German mathematician and logician (1936–2011)

Wolfgang Rautenberg (27 February 1936 − 4 September 2011) was a German mathematician and logician whose areas of research were model theory, non-classical logic, modal logic, temporal logic and self reference.

==Life==
Rautenberg was born in Potsdam. He graduated with an abitur from the gymnasium in Ludwigslust. He studied mathematics and physics at the Humboldt University in East Berlin (GDR), and there in 1963 Rautenberg received a doctorate and worked as a logician. In 1968 Rautenberg graduated from the Humboldt University as an academic lecturer. From 1969 to 1973 Rautenberg was docent at the Humboldt University. Because the Stasi contacted him to force him into co-operation, Rautenberg left East Germany in 1973 and in 1974 became Professor in West Germany. In 1976 he accepted a call to chair the academic department for mathematical logic and foundations of mathematics at Freie Universität Berlin.

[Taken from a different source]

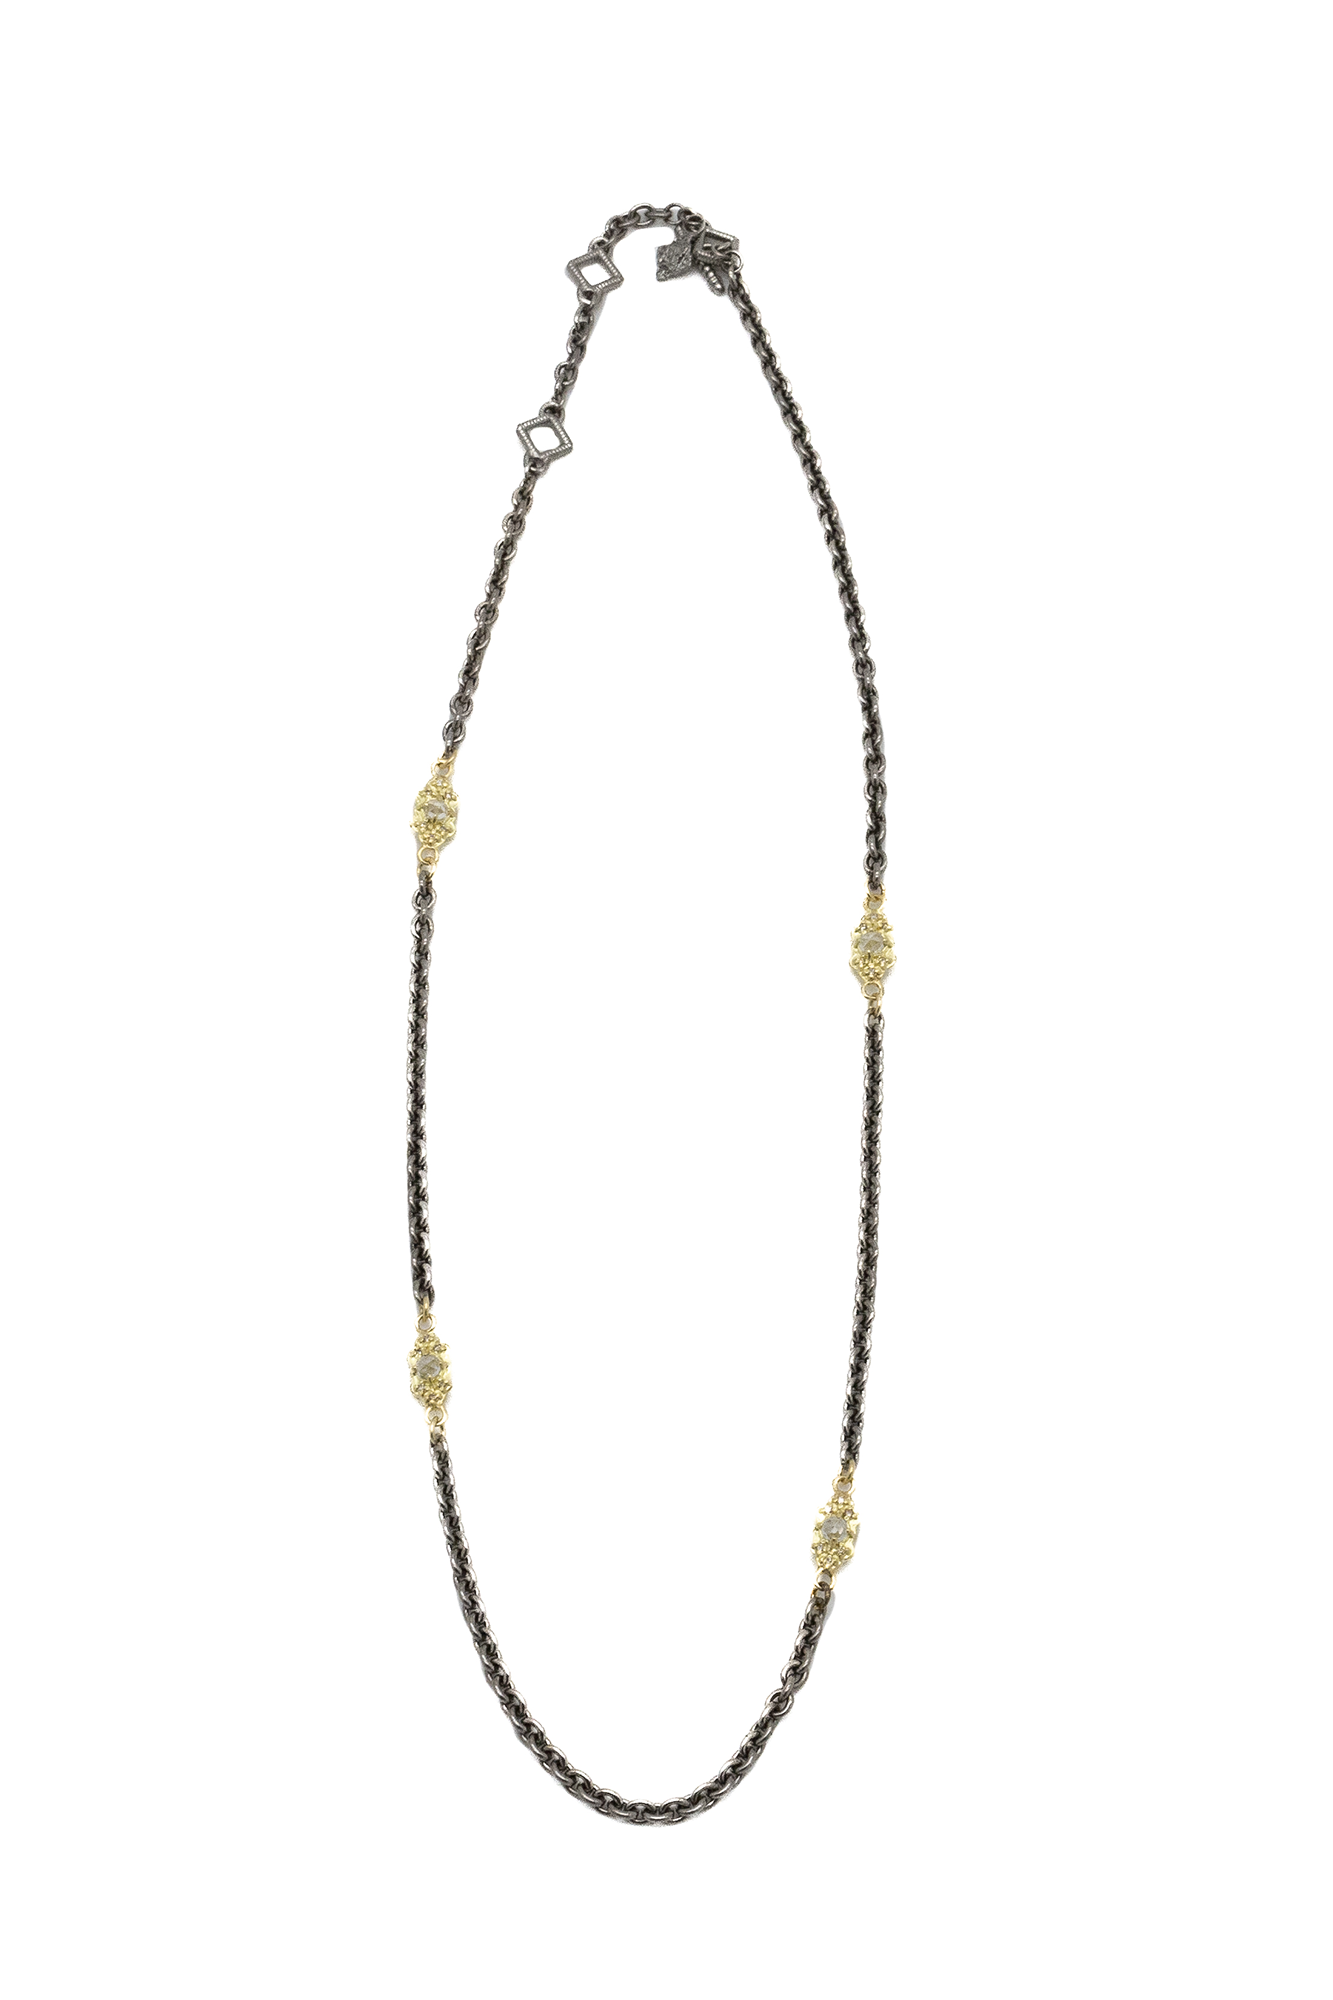 This Gold Scroll Link Necklace from Armenta is crafted with 18k yellow gold and sterling silver using an 18" grey cable chain with carved scroll stations set with white sapphires and champagne diamonds. The intricate design and combination of metals bring a touch of Old World elegance to any outfit.

Wolfgang Rautenberg was also a very active contributor in the HP48 and HP49G / HP49G+ calculator community, with many important contributions.

==Books==
- W. Rautenberg (1987). "Omega-Bibliography of Mathematical Logic".
- W. Rautenberg (1987). "Omega-Bibliography of Mathematical Logic".
- W. Rautenberg (2010). "A Concise Introduction to Mathematical Logic".